SYSC 8.2 Outsourcing of portfolio management for retail clients to a non-EEA State
- (1)
1In addition to the requirements set out in the MiFID outsourcing rules, when a MiFID investment firm outsources the investment service of portfolio management to retail clients to a service provider located in a non-EEA state, it must ensure that the following conditions are satisfied:
- (a)
the service provider must be authorised or registered in its home country to provide that service and must be subject to prudential supervision;
- (b)
there must be an appropriate cooperation agreement between the FSA and the supervisor in the non-EEA state.
- (a)
(in this chapter the "conditions").
[Note: article 15(1) of the MiFID implementing Directive]
- (2)
In addition to complying with the common platform outsourcing rules, if one or both of the conditions are not satisfied, a MiFID investment firm may enter into such an outsourcing only if it gives prior notification in writing to the FSA containing adequate details of the proposed outsourcing and the FSA does not object to that arrangement within a reasonable time following receipt of that notification.
[Note: article 15(2) and (4) of the MiFID implementing Directive]
- (3)
For the purposes of this rule a "reasonable time" is within one month of receipt of a notification. However, the FSA may seek further information from the MiFID investment firm in relation to the outsourcing proposal if this is necessary to enable the FSA to make a decision.

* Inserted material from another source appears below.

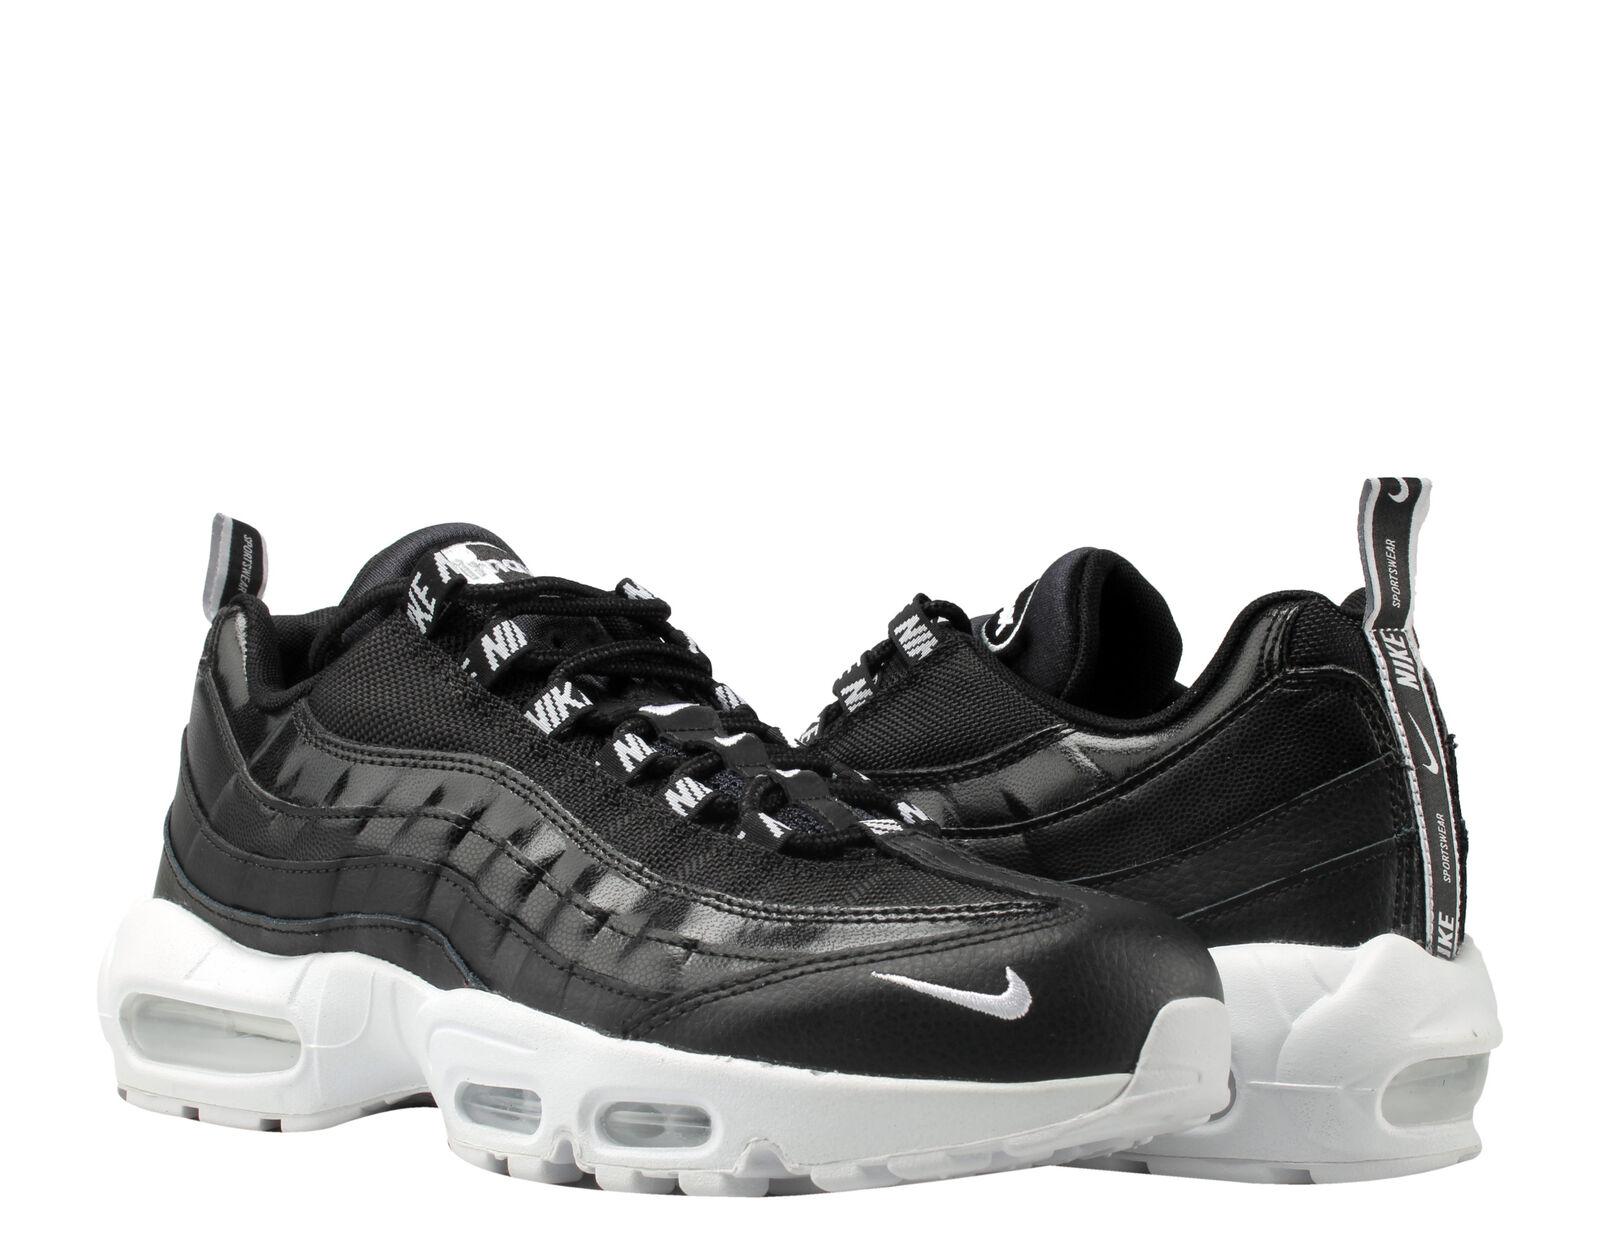 Nike Air Max 95 Black White-Black OverBranded Men's Running shoes 538416-020
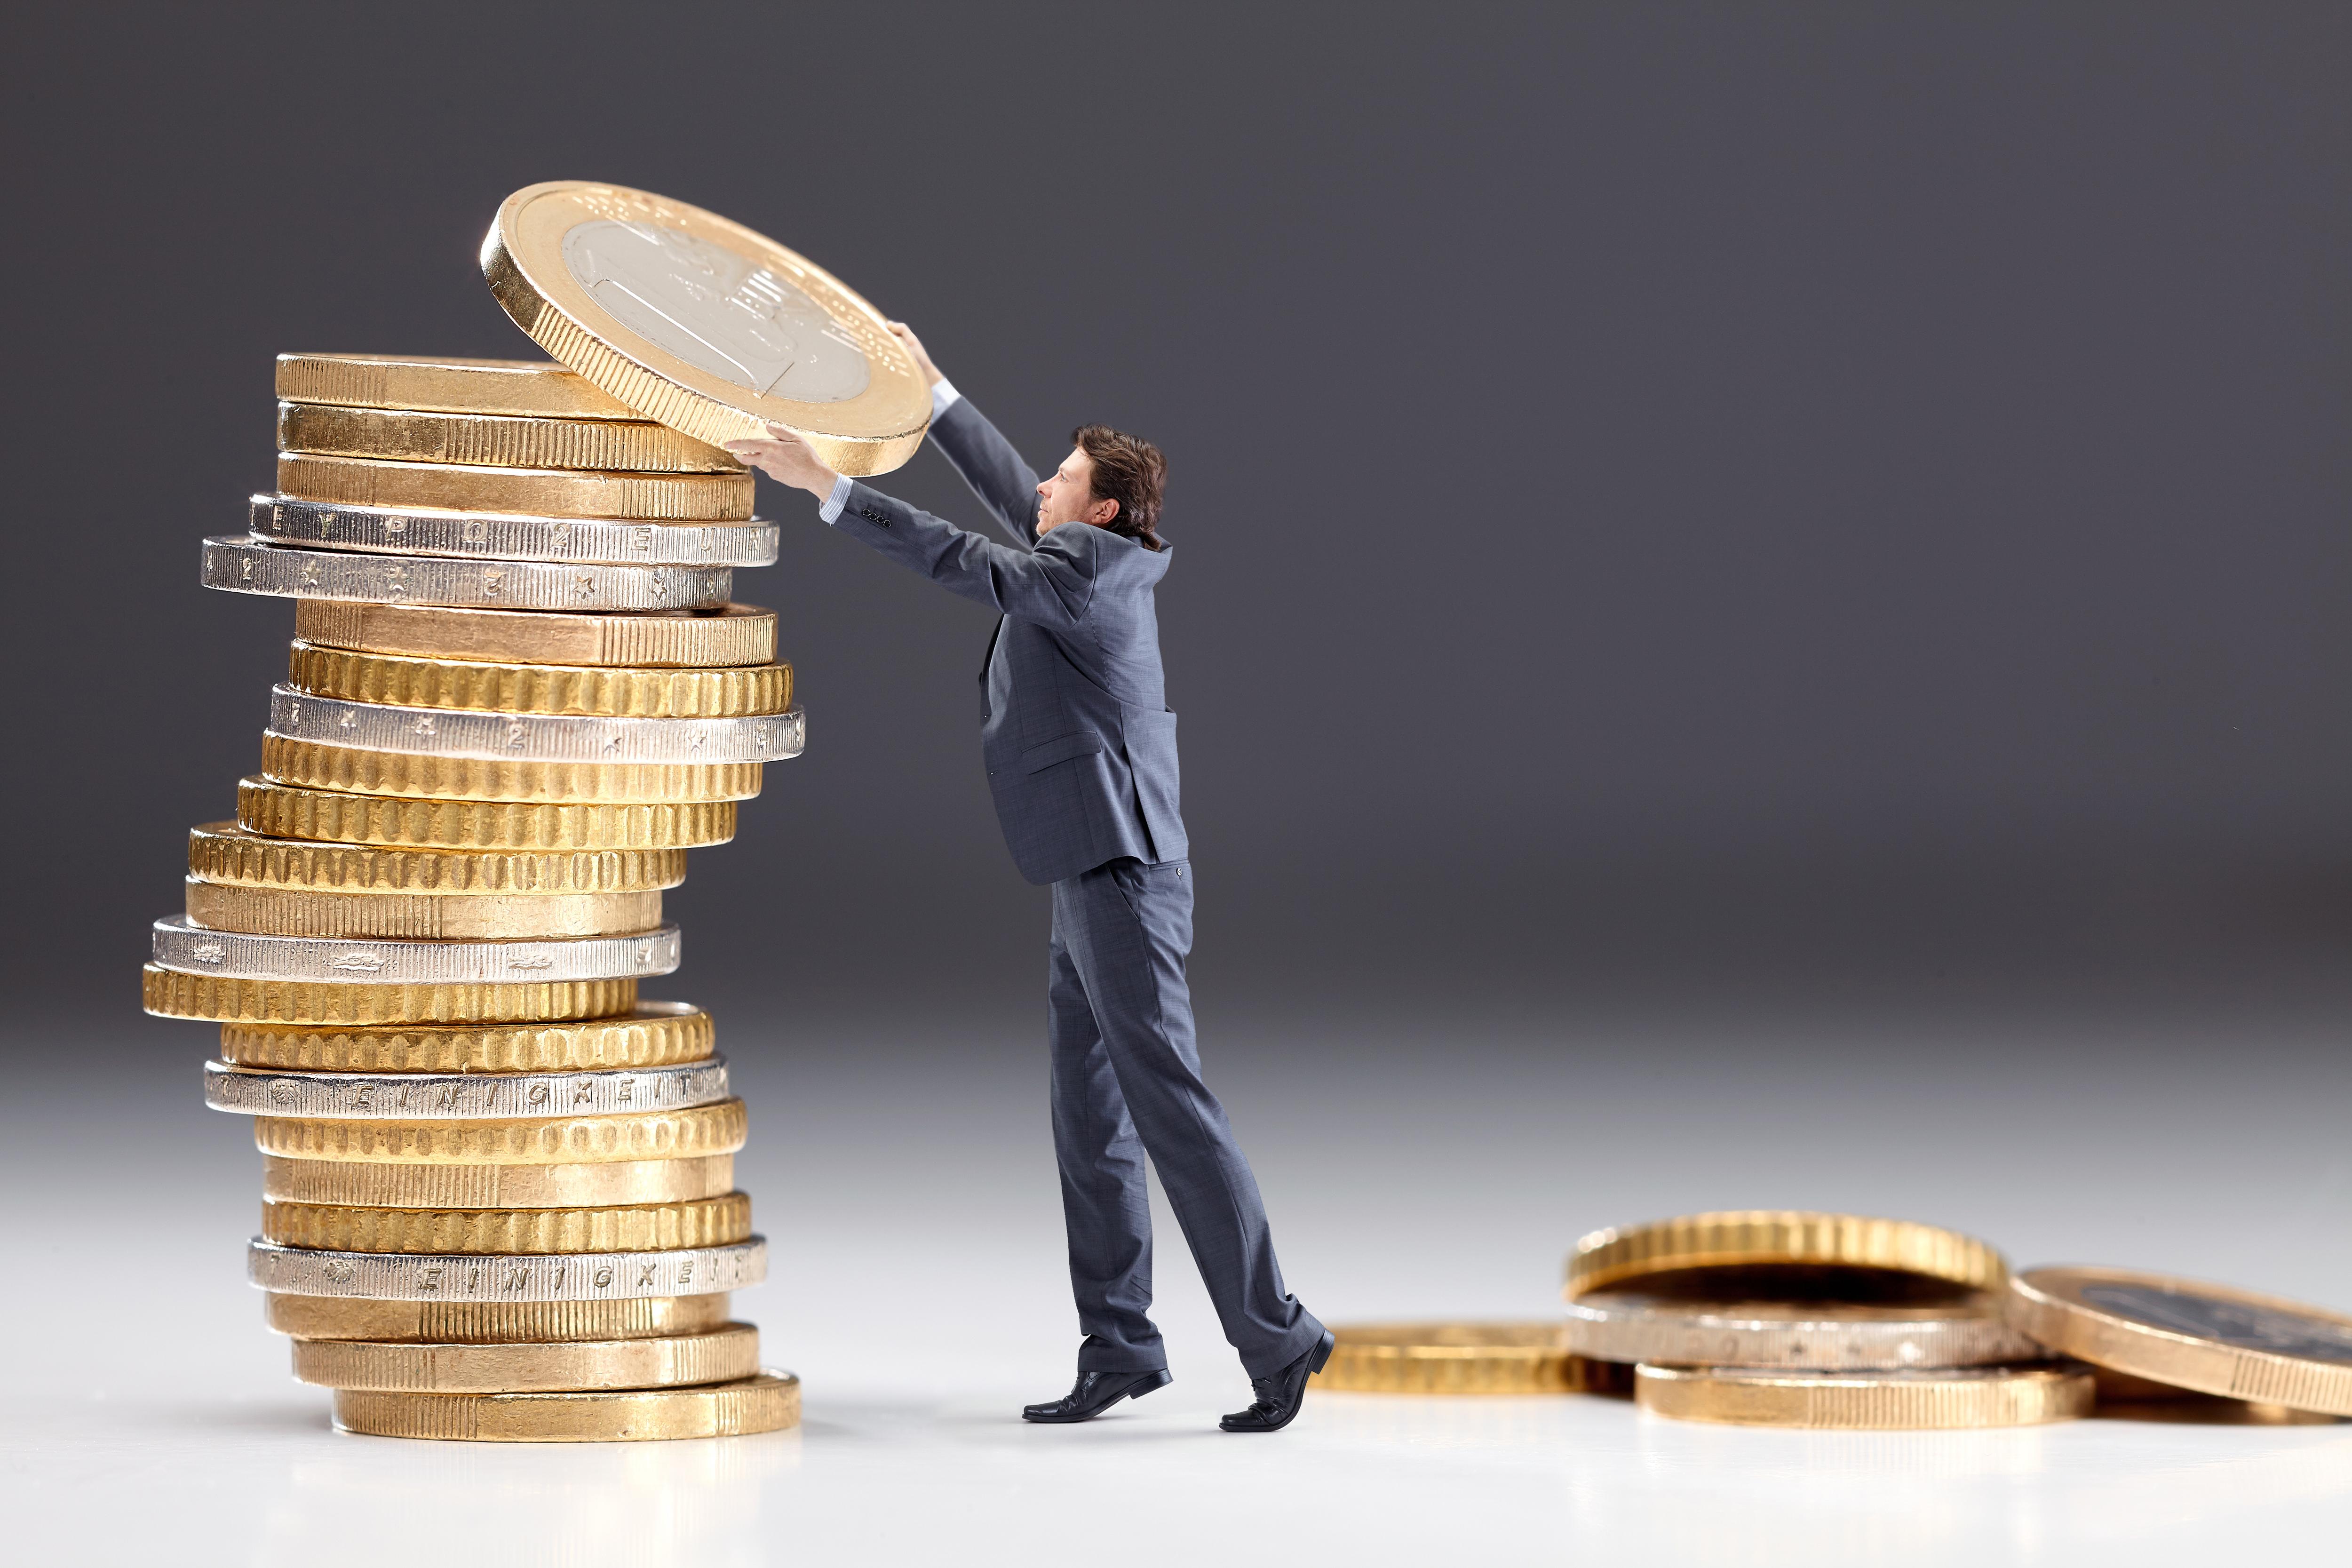 Man legt übergroße Münze auf Münzstapel

Any effect this may have on the FSA's response time will be notified to the MiFID investment firm and that revised response time will constitute a reasonable time for the purposes of this rule.
The conditions do not apply if the outsourcing only concerns ancillary activities connected with portfolio management, for example IT processes or execution only activities.
If a firm has received no notice of objection or no request for further information from the FSA within one month of the FSA receiving the notification, it may outsource the portfolio management on the basis set out in the notification.
The FSA would use its powers under section 45 of the Act to vary a firm's permission if it objected to such a notification.
Notification requirements: timing of notification
A firm should only make an outsourcing proposal notification to the FSA after it has carried out due diligence on the service provider and has had regard to the guidance set out in SYSC 8.3. The FSA will expect a firm to only submit an outsourcing proposal notification in respect of a service provider that the firm has determined is suitable to carry on the outsourcing activity.
Notification requirements: content
A notification under this section should include:
- (1)
details on which of the conditions is not met;
- (2)
if applicable, details and evidence of the service provider's authorisation or regulation including the regulator's contact details;
- (3)
the firm's proposals for meeting its obligations under this chapter on an ongoing basis;
- (4)
- (5)
a draft of the outsourcing agreement between the service provider and the firm;
- (6)
the proposed start date of the outsourcing; and
- (7)
confirmation that the firm has had regard to the guidance in SYSC 8.3, or if it has not, why not.
Notification requirements additional guidance
Where the FSA has not objected to the outsourcing agreement, the firm should have regard to its obligations under SUP 15 which include making the FSA aware of any matters which could affect the firm's ability to provide adequate services to its customers or could result in serious detriment to its customers or where there has been material change in the information previously provided to the FSA in relation to the outsourcing.